## [Exercise directions]
Copy the lines exactly as they appear, starting with the first line of the records and ending with the line that contains "NU-WRF Version 8 User's Guide".

[[ Data to use open ]]

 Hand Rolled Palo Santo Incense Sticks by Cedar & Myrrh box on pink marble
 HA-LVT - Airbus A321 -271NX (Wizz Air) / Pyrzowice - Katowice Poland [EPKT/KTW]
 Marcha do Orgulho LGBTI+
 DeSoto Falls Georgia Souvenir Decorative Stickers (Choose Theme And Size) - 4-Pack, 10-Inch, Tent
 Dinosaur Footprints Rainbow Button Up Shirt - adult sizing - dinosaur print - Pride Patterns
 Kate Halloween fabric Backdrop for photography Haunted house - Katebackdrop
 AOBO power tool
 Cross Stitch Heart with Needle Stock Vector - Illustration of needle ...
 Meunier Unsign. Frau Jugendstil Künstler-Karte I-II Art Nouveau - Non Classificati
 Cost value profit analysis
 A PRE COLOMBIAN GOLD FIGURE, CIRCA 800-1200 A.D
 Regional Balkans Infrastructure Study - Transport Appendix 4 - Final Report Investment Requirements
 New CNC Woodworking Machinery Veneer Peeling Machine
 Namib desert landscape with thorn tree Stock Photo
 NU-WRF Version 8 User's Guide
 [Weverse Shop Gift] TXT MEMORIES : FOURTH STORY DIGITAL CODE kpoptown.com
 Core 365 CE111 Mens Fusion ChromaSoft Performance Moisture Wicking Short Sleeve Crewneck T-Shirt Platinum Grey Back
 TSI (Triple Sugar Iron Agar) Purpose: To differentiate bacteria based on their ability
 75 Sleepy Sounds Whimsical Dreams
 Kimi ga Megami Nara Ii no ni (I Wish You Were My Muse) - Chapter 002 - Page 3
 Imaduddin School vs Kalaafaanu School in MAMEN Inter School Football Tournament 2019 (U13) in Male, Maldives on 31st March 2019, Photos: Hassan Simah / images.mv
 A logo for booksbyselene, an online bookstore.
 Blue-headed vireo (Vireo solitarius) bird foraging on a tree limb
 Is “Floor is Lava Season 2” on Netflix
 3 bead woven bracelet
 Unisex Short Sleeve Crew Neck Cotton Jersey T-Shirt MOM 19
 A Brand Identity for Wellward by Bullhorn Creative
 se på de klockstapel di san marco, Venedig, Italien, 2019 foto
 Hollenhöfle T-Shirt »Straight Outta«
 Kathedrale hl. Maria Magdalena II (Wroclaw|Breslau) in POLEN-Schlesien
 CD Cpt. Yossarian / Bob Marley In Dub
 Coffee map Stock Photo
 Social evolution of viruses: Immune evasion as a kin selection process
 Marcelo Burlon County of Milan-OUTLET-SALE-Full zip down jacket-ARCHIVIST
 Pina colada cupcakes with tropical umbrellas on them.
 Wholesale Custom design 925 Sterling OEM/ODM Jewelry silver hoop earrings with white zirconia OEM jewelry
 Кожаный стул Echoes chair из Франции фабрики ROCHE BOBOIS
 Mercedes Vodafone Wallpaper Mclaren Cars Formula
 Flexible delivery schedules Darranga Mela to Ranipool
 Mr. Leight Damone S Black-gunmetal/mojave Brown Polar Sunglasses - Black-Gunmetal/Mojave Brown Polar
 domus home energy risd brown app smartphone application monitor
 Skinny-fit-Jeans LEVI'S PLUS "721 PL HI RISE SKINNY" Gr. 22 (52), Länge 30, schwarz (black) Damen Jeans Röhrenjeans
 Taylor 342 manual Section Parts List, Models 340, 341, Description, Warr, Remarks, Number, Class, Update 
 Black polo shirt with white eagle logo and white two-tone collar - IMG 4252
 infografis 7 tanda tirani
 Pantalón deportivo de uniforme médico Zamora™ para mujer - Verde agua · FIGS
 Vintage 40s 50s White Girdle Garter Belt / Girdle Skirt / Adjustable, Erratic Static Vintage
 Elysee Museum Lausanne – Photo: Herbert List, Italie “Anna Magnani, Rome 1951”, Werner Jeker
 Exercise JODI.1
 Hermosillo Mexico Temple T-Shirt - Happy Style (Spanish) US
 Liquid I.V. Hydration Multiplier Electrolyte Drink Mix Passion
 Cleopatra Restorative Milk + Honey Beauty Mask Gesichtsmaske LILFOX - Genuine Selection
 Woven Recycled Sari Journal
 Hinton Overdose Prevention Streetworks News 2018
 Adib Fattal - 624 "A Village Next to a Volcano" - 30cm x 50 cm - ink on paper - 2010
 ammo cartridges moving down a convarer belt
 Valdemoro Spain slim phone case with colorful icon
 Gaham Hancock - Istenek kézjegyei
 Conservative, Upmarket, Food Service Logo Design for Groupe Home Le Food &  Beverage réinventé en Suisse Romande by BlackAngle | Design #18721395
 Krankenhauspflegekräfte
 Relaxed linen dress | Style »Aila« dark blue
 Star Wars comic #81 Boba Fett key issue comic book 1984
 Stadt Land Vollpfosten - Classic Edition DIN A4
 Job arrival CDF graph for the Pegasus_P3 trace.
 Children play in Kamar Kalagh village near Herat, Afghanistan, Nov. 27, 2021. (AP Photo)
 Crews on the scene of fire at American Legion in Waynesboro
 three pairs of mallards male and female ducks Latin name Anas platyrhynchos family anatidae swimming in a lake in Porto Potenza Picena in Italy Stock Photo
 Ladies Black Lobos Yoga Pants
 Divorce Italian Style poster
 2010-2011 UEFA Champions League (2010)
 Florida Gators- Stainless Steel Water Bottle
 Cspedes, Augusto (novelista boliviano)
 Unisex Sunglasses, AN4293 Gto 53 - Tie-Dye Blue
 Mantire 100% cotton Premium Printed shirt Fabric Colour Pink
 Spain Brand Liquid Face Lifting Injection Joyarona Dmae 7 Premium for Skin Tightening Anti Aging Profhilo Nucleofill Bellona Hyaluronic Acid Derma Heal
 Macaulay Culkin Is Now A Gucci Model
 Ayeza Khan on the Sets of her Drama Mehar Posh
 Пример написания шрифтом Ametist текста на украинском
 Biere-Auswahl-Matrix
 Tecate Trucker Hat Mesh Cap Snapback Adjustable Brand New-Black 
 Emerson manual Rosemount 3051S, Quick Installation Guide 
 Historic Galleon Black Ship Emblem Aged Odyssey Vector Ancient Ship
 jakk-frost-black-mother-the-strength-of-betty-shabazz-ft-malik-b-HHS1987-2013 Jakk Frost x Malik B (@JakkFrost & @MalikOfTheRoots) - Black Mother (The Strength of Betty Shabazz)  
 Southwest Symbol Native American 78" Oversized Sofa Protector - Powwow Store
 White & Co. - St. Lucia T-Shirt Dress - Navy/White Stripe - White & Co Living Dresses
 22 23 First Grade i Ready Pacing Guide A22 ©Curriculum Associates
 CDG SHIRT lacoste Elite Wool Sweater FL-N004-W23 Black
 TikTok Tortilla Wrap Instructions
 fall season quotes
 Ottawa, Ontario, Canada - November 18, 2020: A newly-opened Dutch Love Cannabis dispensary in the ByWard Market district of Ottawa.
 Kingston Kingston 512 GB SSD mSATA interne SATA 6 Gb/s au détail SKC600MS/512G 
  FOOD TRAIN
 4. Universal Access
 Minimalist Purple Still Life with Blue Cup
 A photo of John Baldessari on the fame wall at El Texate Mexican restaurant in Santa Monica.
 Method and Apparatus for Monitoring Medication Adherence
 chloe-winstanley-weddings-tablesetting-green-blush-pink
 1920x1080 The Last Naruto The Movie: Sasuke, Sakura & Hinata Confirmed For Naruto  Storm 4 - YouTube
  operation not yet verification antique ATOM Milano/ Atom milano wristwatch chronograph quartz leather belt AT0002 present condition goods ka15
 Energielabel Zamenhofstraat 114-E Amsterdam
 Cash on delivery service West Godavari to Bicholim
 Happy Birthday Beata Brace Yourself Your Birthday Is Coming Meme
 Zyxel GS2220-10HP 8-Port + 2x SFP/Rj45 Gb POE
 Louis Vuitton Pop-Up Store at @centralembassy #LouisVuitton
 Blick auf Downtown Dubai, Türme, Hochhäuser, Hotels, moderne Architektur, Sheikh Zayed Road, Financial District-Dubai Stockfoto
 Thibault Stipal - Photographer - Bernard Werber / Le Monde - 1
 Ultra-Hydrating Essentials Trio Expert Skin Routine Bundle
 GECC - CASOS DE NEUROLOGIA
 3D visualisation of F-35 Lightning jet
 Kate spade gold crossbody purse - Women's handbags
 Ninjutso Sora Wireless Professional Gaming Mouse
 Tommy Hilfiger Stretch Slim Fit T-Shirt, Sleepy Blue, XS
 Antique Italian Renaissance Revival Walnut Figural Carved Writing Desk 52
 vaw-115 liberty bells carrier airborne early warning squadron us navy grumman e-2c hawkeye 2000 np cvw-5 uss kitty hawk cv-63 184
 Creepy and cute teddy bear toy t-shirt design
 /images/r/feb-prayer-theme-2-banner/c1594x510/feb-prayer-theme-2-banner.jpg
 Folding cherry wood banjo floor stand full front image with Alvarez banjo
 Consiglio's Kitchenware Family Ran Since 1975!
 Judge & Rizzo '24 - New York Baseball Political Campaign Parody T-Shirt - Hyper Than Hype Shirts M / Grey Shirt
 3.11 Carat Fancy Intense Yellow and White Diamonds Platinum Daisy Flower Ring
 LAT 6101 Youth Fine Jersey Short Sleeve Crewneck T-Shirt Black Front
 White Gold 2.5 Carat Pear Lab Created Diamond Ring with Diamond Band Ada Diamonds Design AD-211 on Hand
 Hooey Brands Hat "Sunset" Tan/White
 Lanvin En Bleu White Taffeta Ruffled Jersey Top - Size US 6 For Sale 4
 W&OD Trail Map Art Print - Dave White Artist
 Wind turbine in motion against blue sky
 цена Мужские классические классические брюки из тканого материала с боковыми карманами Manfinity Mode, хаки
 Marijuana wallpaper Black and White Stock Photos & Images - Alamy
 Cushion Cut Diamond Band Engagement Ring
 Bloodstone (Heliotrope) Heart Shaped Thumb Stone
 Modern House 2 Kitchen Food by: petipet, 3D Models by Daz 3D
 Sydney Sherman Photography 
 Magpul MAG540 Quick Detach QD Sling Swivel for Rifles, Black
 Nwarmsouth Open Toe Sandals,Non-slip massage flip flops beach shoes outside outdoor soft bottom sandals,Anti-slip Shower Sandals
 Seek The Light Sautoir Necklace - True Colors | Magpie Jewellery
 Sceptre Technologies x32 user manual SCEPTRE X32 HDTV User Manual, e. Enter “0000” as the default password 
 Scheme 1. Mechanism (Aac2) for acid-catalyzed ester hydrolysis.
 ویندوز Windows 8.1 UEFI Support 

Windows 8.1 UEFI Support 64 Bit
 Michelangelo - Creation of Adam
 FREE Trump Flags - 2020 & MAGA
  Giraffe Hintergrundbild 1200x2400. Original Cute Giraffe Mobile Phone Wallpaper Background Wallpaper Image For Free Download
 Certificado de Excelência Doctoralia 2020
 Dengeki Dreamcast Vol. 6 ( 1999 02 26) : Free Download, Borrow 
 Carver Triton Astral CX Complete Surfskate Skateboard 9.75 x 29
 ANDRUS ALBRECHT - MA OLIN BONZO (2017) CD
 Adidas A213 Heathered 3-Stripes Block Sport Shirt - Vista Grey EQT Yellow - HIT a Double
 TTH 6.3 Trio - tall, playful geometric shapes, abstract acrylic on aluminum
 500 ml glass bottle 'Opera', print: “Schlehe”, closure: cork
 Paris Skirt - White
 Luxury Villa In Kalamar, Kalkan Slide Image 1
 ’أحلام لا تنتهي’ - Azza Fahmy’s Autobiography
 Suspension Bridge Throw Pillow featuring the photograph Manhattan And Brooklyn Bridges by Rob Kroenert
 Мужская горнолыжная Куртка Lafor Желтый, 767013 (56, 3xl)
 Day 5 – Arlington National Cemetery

[[ Data to use closed ]]

## [Response to this task]
 Hand Rolled Palo Santo Incense Sticks by Cedar & Myrrh box on pink marble
 HA-LVT - Airbus A321 -271NX (Wizz Air) / Pyrzowice - Katowice Poland [EPKT/KTW]
 Marcha do Orgulho LGBTI+
 DeSoto Falls Georgia Souvenir Decorative Stickers (Choose Theme And Size) - 4-Pack, 10-Inch, Tent
 Dinosaur Footprints Rainbow Button Up Shirt - adult sizing - dinosaur print - Pride Patterns
 Kate Halloween fabric Backdrop for photography Haunted house - Katebackdrop
 AOBO power tool
 Cross Stitch Heart with Needle Stock Vector - Illustration of needle ...
 Meunier Unsign. Frau Jugendstil Künstler-Karte I-II Art Nouveau - Non Classificati
 Cost value profit analysis
 A PRE COLOMBIAN GOLD FIGURE, CIRCA 800-1200 A.D
 Regional Balkans Infrastructure Study - Transport Appendix 4 - Final Report Investment Requirements
 New CNC Woodworking Machinery Veneer Peeling Machine
 Namib desert landscape with thorn tree Stock Photo
 NU-WRF Version 8 User's Guide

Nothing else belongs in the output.